This Method Could Feed Millions While Capturing Tonnes Of Carbon: Study

According to research, fungi that grow next to trees can provide enough healthy food each year to feed nearly 19 million people.

This Method Could Feed Millions While Capturing Tonnes Of Carbon: Study

The humble mushroom could fight climate change and feed millions.

The lack of food, along with climate change, is the biggest problem the human race is facing in this era. With its effect on agricultural production, climate change itself generates inhospitable conditions that constitute a threat to food security.

According to the UN estimate, between 720 and 811 million people in the world faced hunger in 2020, and around 660 million people may still face hunger in 2030.

Now, scientists have come up with an idea that could help solve these two problems with the same method: growing mushrooms alongside trees.

Also Read | Global Food Crisis Will Drive Record Displacement Levels Higher: UN

According to a recent study by scientists at the University of Stirling, edible fungi may present a significant potential to make foods high in protein and store more carbon in soils while also extending tree plantings.

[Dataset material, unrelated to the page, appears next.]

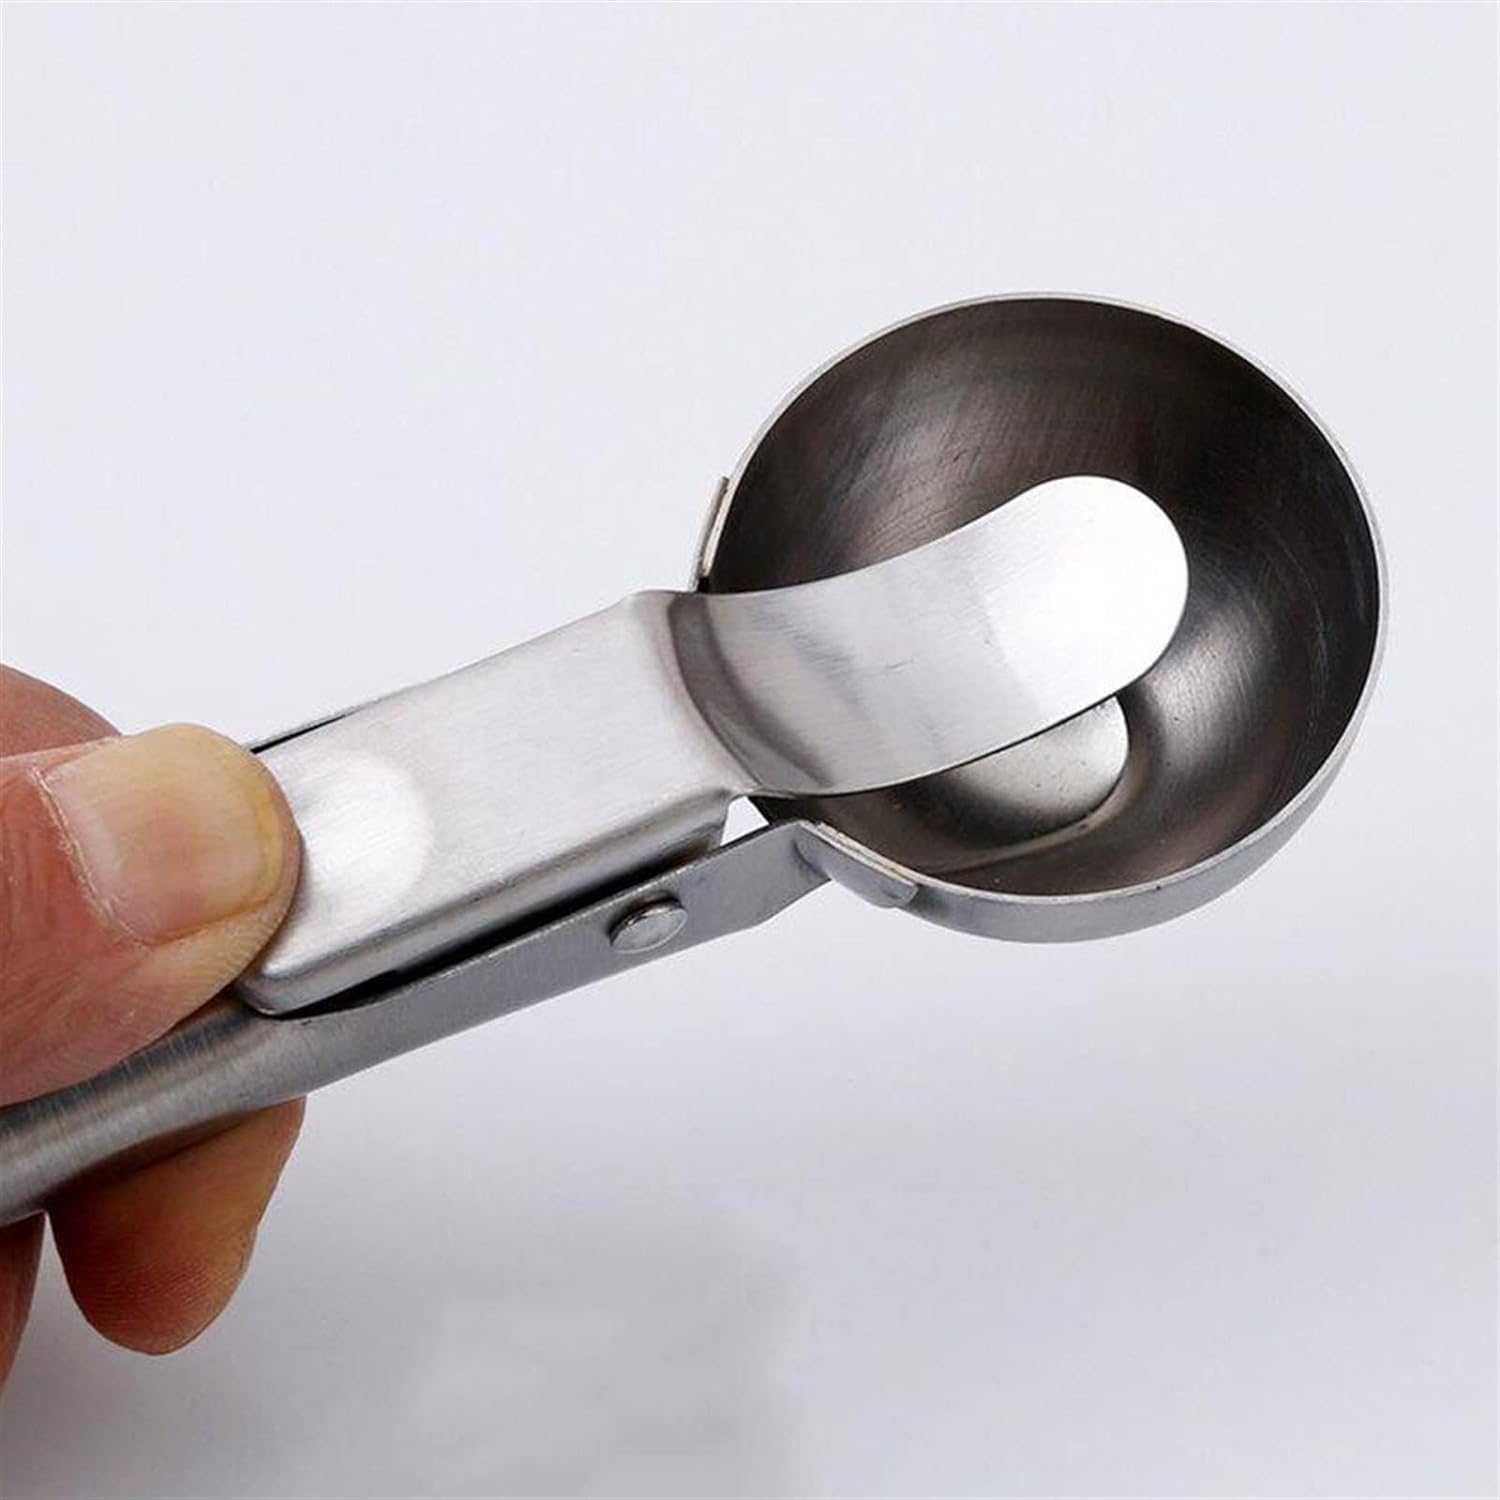 Ice Cream Scoop Stainless Steel Ice Cream Spoon

As per a release by the University of Stirling, "There is currently a significant global issue of land-use conflict between forestry and food production and, as a result, net loss of forest area remains high at some 4.7 million hectares per year, according to data for 2010 to 2020. Demand for agricultural land is the biggest driver of global deforestation, and this is forecast to accelerate."

According to study conducted by Professor Paul Thomas, an honorary professor at the Faculty of Natural Sciences at the University of Stirling, the growth of edible ectomycorrhizal fungi (EMF) in forests can sequester up to 12.8 metric tons of carbon per hectare each year while also providing nearly 19 million people with a wholesome food source.

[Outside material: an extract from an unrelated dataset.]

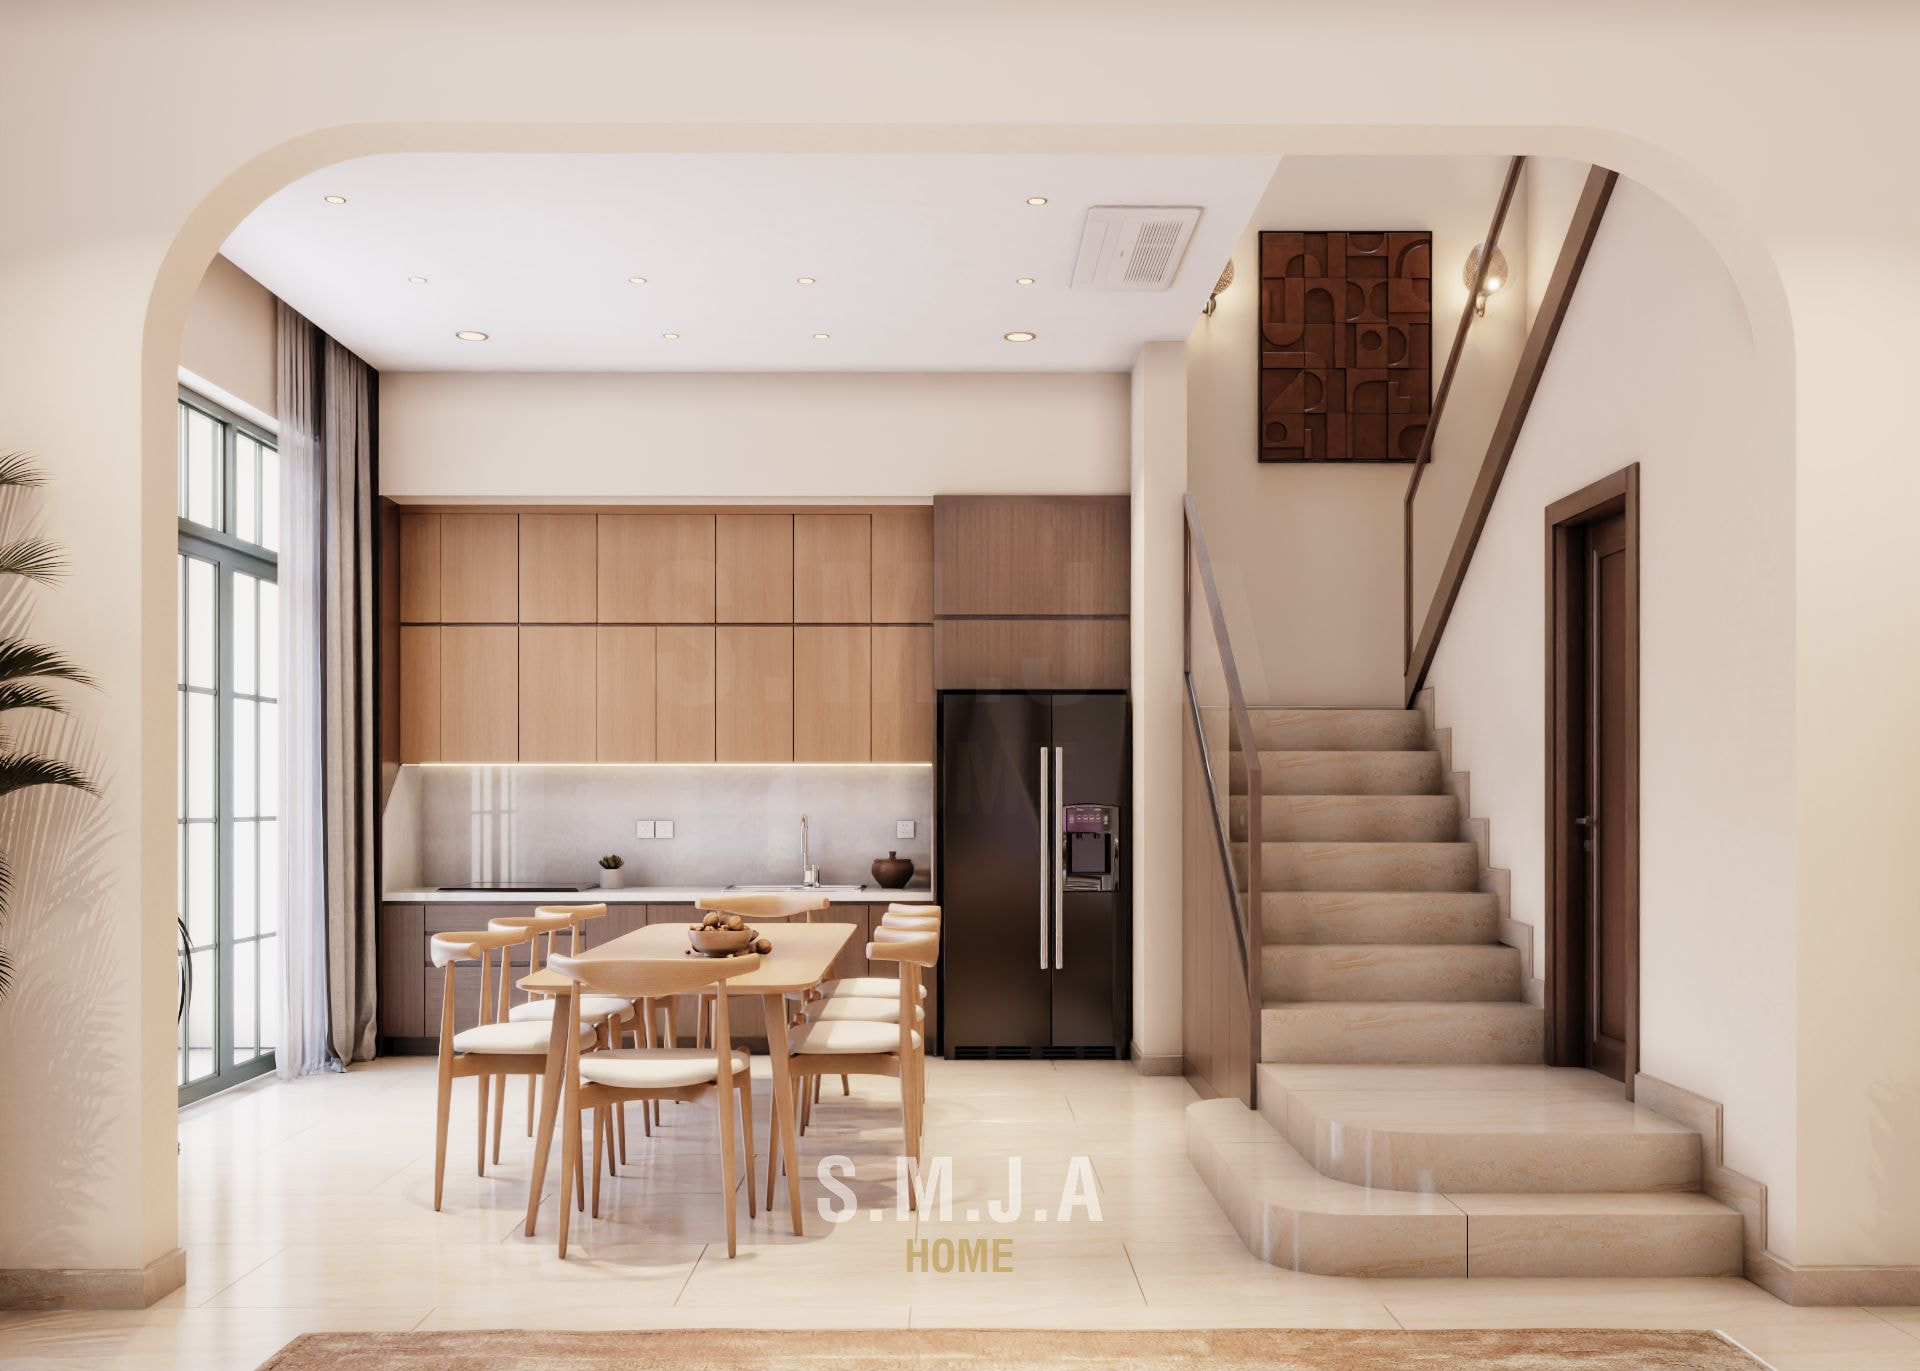 mẫu thiết kế nội thất biệt thự 2 tầng đẹp hiện đại tại Sun Tropical Village Phú Quốc

"We looked at the emerging field of mycoforestry, where fungi that grow in symbiosis with living trees are used to create a food crop from new tree plantings, and we found that production of fungi using this system can lead to a very significant sequestration of greenhouse gases," Professor Thomas said.

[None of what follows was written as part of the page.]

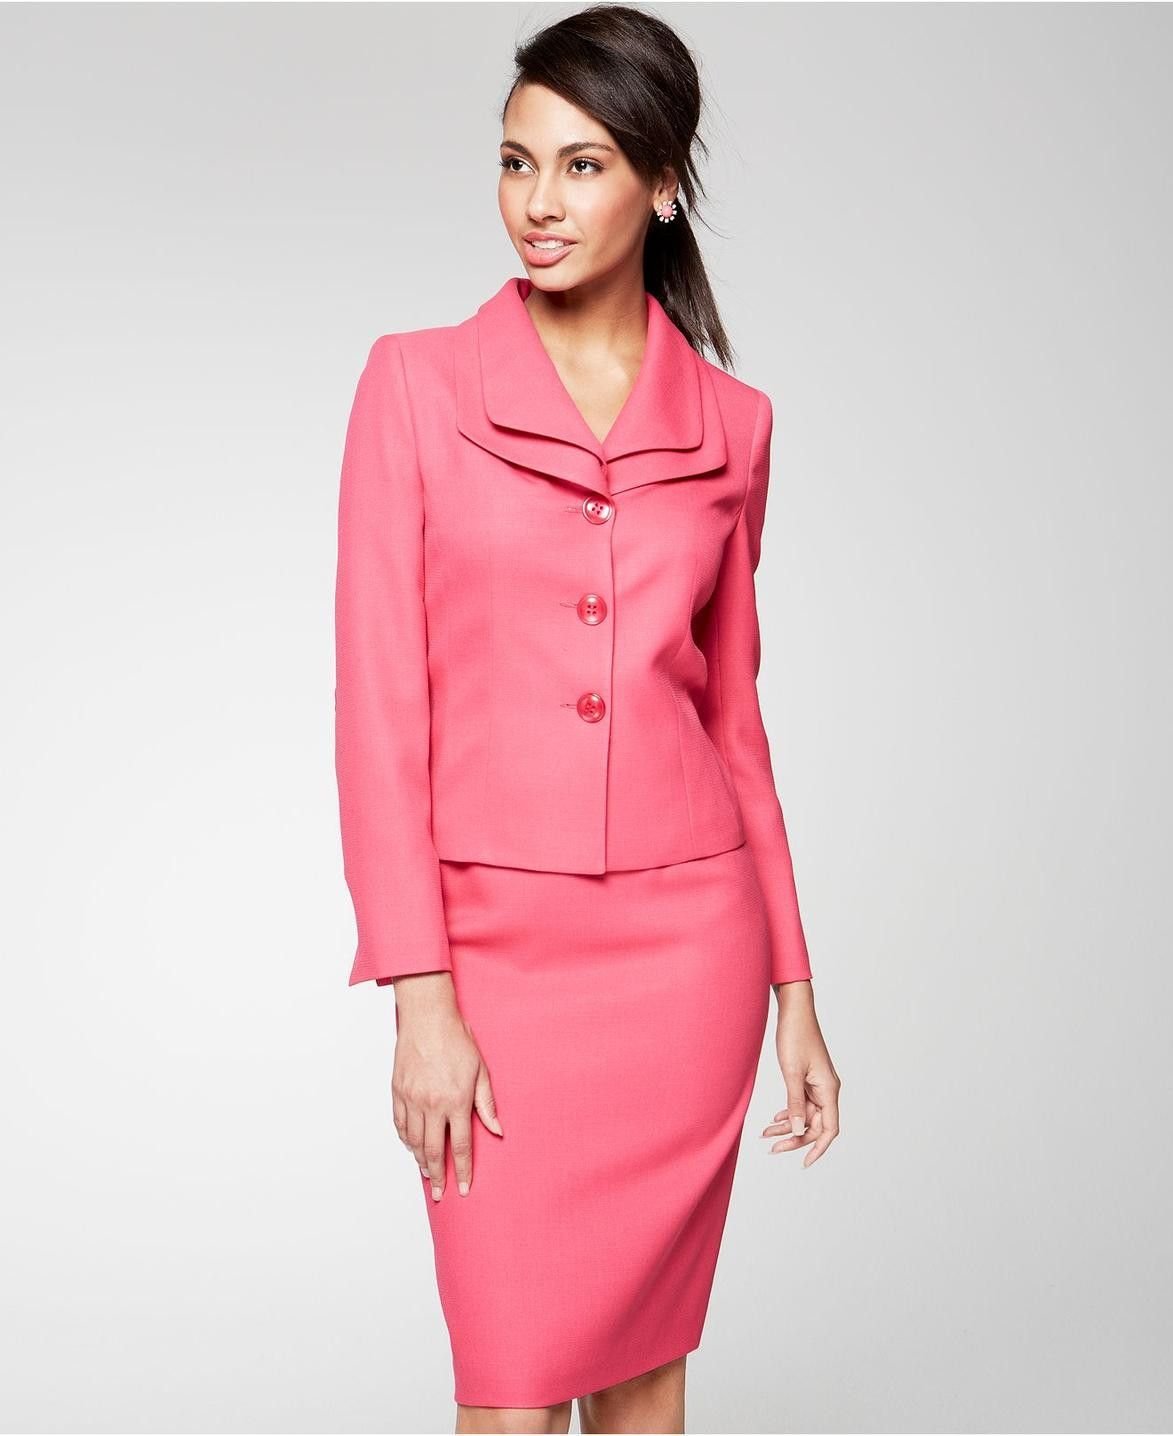 Розовый юбочный костюм. Розовый костюм женский с юбкой. Ярко розовый костюм с юбкой. Украшение для делового костюма розового цвета. Розовый костюм с юбкой

"This is a huge benefit, which means that by producing this food, we can actively help mitigate climate change. When we compared this to other major food groups, this is the only one that would result in such benefits-all other major food categories lead to greenhouse gas emissions during production. We calculate that if this system was combined with current forest activities, the food production levels could be huge. If it had been used in the forestry that has taken place during the last ten years, we could have produced enough food to feed 18.9 million people annually," he added.

"For China alone, their forestry activity for the last ten years could have put in place a food production system capable of enough calorific output to feed 4.6 million people annually."